For most of my students, improving their bad shots does not include a swing overhaul. The majority of golfers do not have the time it takes to grove a "textbook" swing, but with proper instruction and quality practice, realistic goals can be reached.
Describe a recent project you are fond of. How long did it take?
Took a student who suffered years of chronic "shanking" and changed the way he thought about striking a golf ball. 1 hour later he went from "sir shanks a lot" to "sir solid a lot"
What advice would you give a customer looking to hire a provider in your area of work?
When searching for a golf Instructor, look for the following:
-Can provide multiple solutions to fix a swing fault.
-A strong playing resume
-Utilizes High Speed Video Or launch monitor (no, not just iPads)

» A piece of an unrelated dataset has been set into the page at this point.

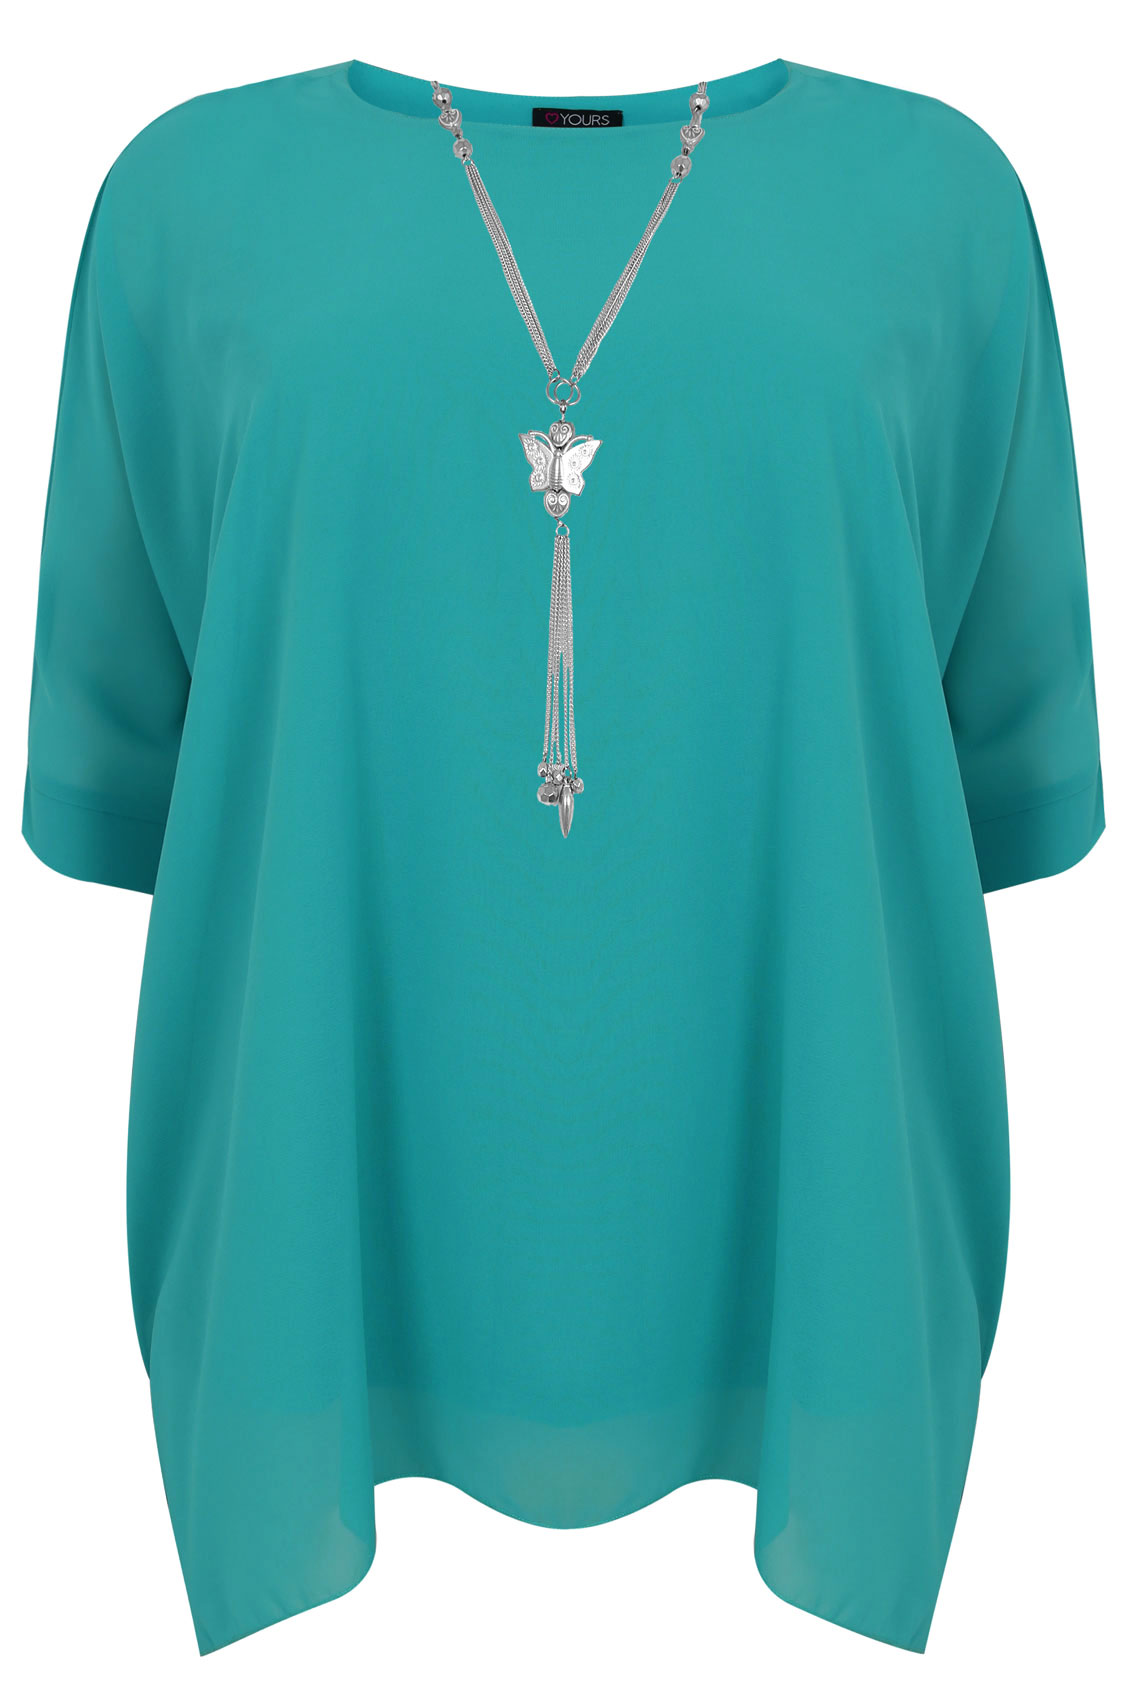 Turquoise Batwing Sleeve Chiffon Top With Necklace Plus Size 14 to 32

-Has a website with instruction material
AVOID the following "Instructors":
-Anyone who claims to know Mr. Hogan's secret and exploits it to sell golf instruction. Opinions are one thing, but selling Hogan's secret to sell books, lessons, (etc.) shows a major lack of class (ex. the "ONE PLACE GOLF SWING" )
-STAY AWAY FROM instructors that push the same swing method on everyone. (Example- Natural Golf or the One Plane Swing)
-Those who market their instruction with sucker terms such as "Magic move", "weird trick", "guaranteed",
-Highly Discounted lessons (you get what you pay for)
-Head Professionals and their assistants (they work too many long hours to have the time to stay on top of your game and their teaching skills)
-Instructors who "do as I say not as I do, I'm a Pro". If they have never hit a ball like a pro then they are not.
-These are generalizations and there are always a few exceptions.
What questions should customers think through before talking to professionals about their project?
I don't work a typical 50 hour work week. I spend many long hours a day teaching and learning, but I love what I do and I'm pretty darn good at it. Although I would love to, I actually don't play and practice everyday. Most of my students play more rounds of golf than I do.